What you are asked to do: Among the lines below, copy exactly those from the one with "Photos - Pendant" through the one with "Everett police respond", counting both ends.

[Extracted records]
+---+

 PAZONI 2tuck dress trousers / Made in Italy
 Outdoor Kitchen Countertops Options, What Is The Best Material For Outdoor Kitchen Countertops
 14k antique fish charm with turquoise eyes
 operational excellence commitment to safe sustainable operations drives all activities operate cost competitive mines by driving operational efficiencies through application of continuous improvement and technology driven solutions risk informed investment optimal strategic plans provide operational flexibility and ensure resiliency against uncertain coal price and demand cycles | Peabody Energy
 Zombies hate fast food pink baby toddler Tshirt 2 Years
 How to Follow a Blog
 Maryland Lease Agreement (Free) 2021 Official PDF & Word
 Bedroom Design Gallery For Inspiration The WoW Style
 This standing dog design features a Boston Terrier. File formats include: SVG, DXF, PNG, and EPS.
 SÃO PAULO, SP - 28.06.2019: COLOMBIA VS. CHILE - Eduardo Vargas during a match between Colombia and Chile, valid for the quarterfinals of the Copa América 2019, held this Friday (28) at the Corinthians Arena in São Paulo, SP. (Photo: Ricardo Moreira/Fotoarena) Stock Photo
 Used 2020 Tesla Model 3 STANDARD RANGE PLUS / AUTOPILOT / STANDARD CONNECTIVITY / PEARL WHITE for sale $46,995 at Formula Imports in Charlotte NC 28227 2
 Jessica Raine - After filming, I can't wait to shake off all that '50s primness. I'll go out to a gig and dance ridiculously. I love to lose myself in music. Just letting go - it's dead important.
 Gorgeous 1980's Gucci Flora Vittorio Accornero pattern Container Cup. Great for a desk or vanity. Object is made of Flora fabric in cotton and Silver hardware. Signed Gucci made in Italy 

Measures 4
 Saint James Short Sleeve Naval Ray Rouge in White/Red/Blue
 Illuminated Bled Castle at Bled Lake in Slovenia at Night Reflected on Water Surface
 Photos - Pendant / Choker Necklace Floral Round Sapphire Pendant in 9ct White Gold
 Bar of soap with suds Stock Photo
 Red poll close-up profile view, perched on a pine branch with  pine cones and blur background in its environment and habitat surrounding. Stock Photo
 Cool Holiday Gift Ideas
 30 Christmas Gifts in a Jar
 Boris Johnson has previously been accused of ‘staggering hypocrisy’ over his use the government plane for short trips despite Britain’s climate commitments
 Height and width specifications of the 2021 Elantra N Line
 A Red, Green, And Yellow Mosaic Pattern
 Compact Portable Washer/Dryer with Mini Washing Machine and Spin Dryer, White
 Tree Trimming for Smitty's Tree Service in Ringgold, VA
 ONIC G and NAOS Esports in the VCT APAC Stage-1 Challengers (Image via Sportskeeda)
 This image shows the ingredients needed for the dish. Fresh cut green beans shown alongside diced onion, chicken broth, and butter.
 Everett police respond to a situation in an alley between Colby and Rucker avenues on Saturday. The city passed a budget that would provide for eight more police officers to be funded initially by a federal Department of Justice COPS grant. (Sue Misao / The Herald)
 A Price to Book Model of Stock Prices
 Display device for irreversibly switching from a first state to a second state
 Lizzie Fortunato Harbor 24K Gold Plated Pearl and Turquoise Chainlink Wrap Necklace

+---+

Output for this task:
 Photos - Pendant / Choker Necklace Floral Round Sapphire Pendant in 9ct White Gold
 Bar of soap with suds Stock Photo
 Red poll close-up profile view, perched on a pine branch with  pine cones and blur background in its environment and habitat surrounding. Stock Photo
 Cool Holiday Gift Ideas
 30 Christmas Gifts in a Jar
 Boris Johnson has previously been accused of ‘staggering hypocrisy’ over his use the government plane for short trips despite Britain’s climate commitments
 Height and width specifications of the 2021 Elantra N Line
 A Red, Green, And Yellow Mosaic Pattern
 Compact Portable Washer/Dryer with Mini Washing Machine and Spin Dryer, White
 Tree Trimming for Smitty's Tree Service in Ringgold, VA
 ONIC G and NAOS Esports in the VCT APAC Stage-1 Challengers (Image via Sportskeeda)
 This image shows the ingredients needed for the dish. Fresh cut green beans shown alongside diced onion, chicken broth, and butter.
 Everett police respond to a situation in an alley between Colby and Rucker avenues on Saturday. The city passed a budget that would provide for eight more police officers to be funded initially by a federal Department of Justice COPS grant. (Sue Misao / The Herald)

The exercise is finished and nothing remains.